Написал, запечатал в конверт, но так никому и не передал этот пакет. С председателем Верховного суда республики, которого воображение, бог весть почему, рисовало седобородым старцем, Новоселов, оказывается, не раз встречался в столовой обкома партии. Теперь, знакомясь, подивился — одногодок его. Ну, может, и старше на год-два, но — не больше. Внешностью чем-то напоминал председателя Нижнетагильского городского суда Андрея Жерковского, однокашника Новоселова по юридическому, и дивиться вроде бы нечему. В объеме подведомственных дел этих должностных лиц, если принять во внимание одинаковость населения Тагила и Аджарии, особой разницы не просматривалось. Мысленно выстроенная дистанция между председателем суда республики и рядовым оперуполномоченным предельно укоротилась, и Новоселов с товарищеской откровенностью высказал ему свои сомнения и тревогу относительно Петра Сомова. Только вот председатель не захотел этого сближения.

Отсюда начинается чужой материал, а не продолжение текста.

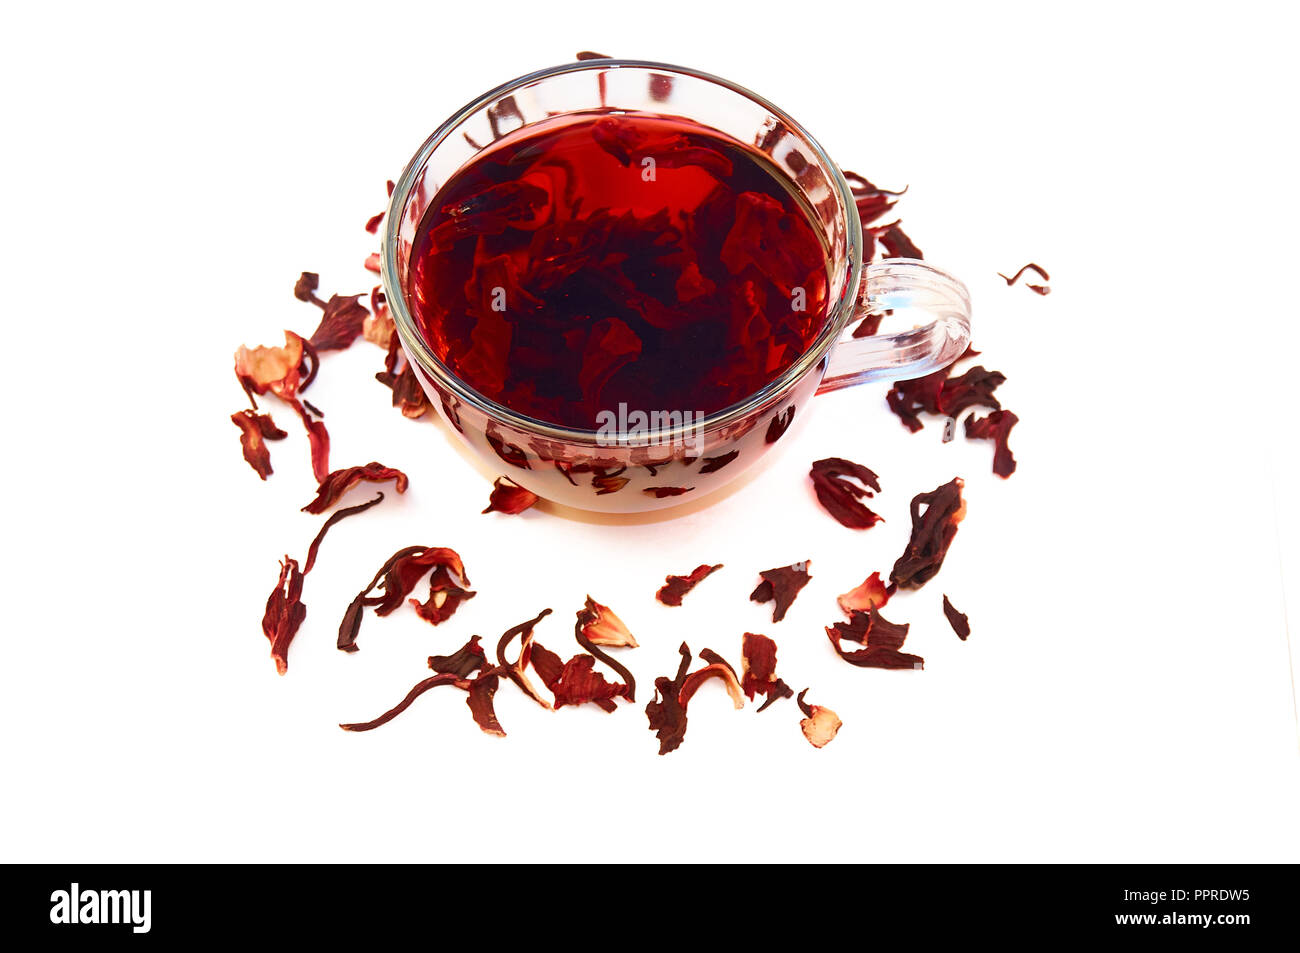 Hibiscus tea in a glass cup on a white background. Stock Photo

Неодобрительно, с видом патриарха покачал головой:
— Что-то вы…
Казалось, добавит к этому: «…молодой человек». Не добавил, но попрощался, кажется, холодновато.
18
Не успела замолкнуть первая трель телефонного звонка, как рука Павла Никифоровича Дальнова ухватила трубку. Чего тут больше было — профессиональной привычки или желания не потревожить домашних — сказать трудно. Во всяком случае, в трубку произнес негромко:
— Слушаю вас.
— Павел? Извини, что так поздно.
Дальнов узнал голос Николая Борисовича Орлова, поглядел из-под очков на светящийся циферблат наручных часов, лежащих на тумбочке. Не так уж поздно — едва перевалило за одиннадцать. Отодвинул газеты, которые просматривал, сказал:
— Извиняю и слушаю.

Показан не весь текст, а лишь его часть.